Harvesting and storing
- Harvest carrots as soon as they have reached the desired size. Harvest baby carrots first. Pull out other varieties as they become ready or harvest every second carrot as a baby carrot and leave the rest to mature.
- Pull the roots from the ground by hand. In heavier soils, gently ease out with a garden folk.
- Before storing, clean the roots and trim the foliage to 1/2in (1cm). Store healthy roots in boxes of sand located in a cool, dry place. Ensure the roots are not touching each other.
- Check stored carrots routinely and discard any that are damaged. Maincrop carrots will keep until early spring.
- Carrots keep well in open storage for about 2 weeks but even better in the refrigerator crisper tray.
- To freeze, slice or dice carrots, blanch for 3-4 minutes, drain, package, and freeze.
Pests and diseases
- Carrot rust flies are the main pest to watch out for. The adult fly lays an egg near the carrot, and the small larvae tunnel into the carrot root.
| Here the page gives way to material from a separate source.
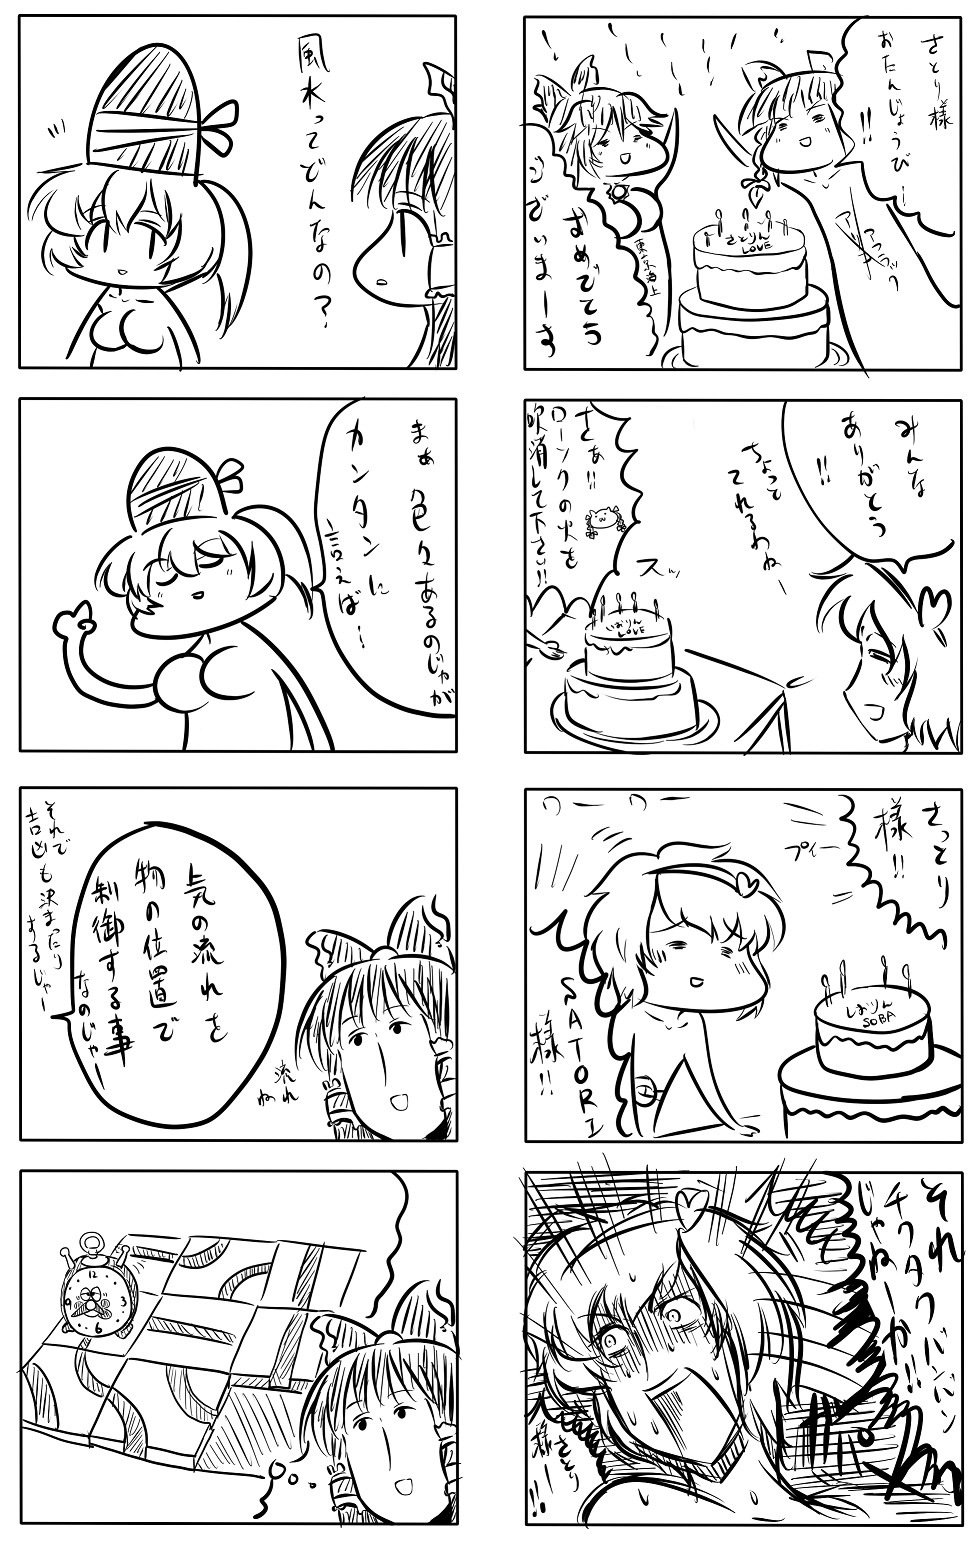 東方漫画409-光戦隊マスクマン東京海上

Erect a barrier of fleece or fine mesh around the crop to prevent the flies from laying eggs.
- Aphids are sometimes a problem. Watch for wilted, yellow, curled, or misshapen leaves. Physical removal of aphids is usually effective. For more serious infestations use a capsicum-based spray.
- Fungal leaf blight can also pose a problem. Remove all leaves that appear dark and contain yellow-bordered spots. Spray remaining leaves with fish emulsion to promote new growth.